The Bank for International Settlements Innovation Hub, the Reserve Bank of Australia, Bank Negara Malaysia, Monetary Authority of Singapore, and South African Reserve Bank will join forces to test the use of central bank digital currencies (CBDCs) for international settlements.

Led by the Innovation Hub's Singapore Centre, Project Dunbar aims to develop prototype shared platforms for cross-border transactions using multiple CBDCs. These multi-CBDC platforms will allow financial institutions to transact directly with each other in the digital currencies issued by participating central banks, eliminating the need for intermediaries and cutting the time and cost of transactions.

The project will work with multiple partners to develop technical prototypes on different distributed ledger technology platforms. It will also explore different governance and operating designs that would enable central banks to share CBDC infrastructures, benefitting from the collaboration between public and private sector experts in different jurisdictions and areas of operation.

Project Dunbar's work will explore the international dimension of CBDC design and support the efforts of the G20 roadmap for enhancing cross-border payments. Its results, expected to be published in early 2022, will inform the development of future platforms for global and regional settlements. Technical prototypes of the shared platforms, developed in collaboration with different technology partners, will be demonstrated at the Singapore FinTech Festival in November 2021.

‘Project Dunbar brings together central banks with years of experience and unique perspectives in CBDC projects and ecosystem partners at advanced stages of technical development on digital currencies. With this group of capable and passionate partners, we are confident that our work on multi-CBDCs for international settlements will break new ground in this next stage of CBDC experimentation and lay the foundation for global payments connectivity,’ said Andrew McCormack, Centre Head of the BIS Innovation Hub Singapore Centre.

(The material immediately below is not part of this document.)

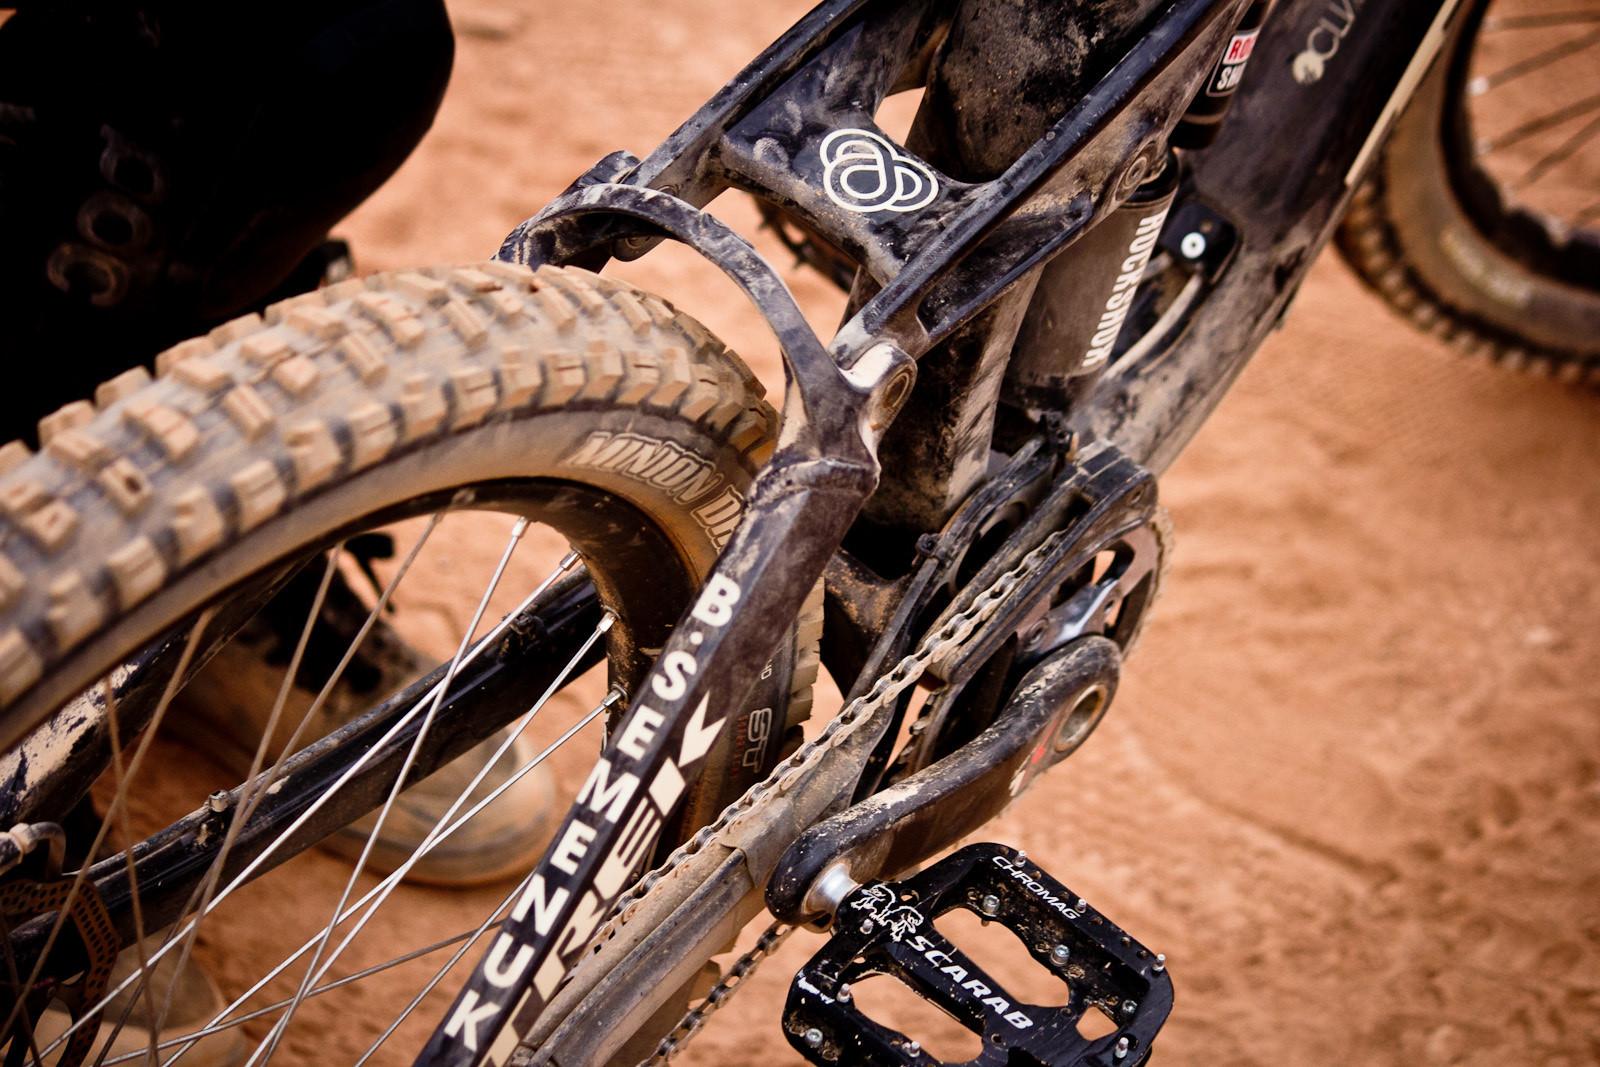 4a816837d11 Semenuk's Trek Session Park for Rampage 2013 - Rampage Pro Bike: Brandon  Semenuk's Trek Session Park - Mountain ...

‘We are pleased to collaborate with the BIS Innovation Hub and the central bank partners on this important initiative to explore how a shared platform for multiple CBDCs could be used to improve the speed, cost and transparency of wholesale cross-border transactions. Enhancing cross-border payments has become a priority for the international regulatory community and something that we are very focused on in our domestic policy work,’ said Michele Bullock, Assistant Governor (Financial System), Reserve Bank of Australia.

Reserve Bank Australia
The Reserve Bank of Australia (RBA) came into being on 14 January 1960 as Australia's central bank and banknote issuing authority, when the Reserve Bank Act 1959 removed the central banking functions from the Commonwealth Bank. The bank has the responsibility of providing services to the Government of Australia in addition to also providing services to other central banks and official institutions. It currently consists of the Payments System Board, which governs the payments system policy of the bank, and the Reserve Bank Board, which governs all other monetary and banking policies of the bank.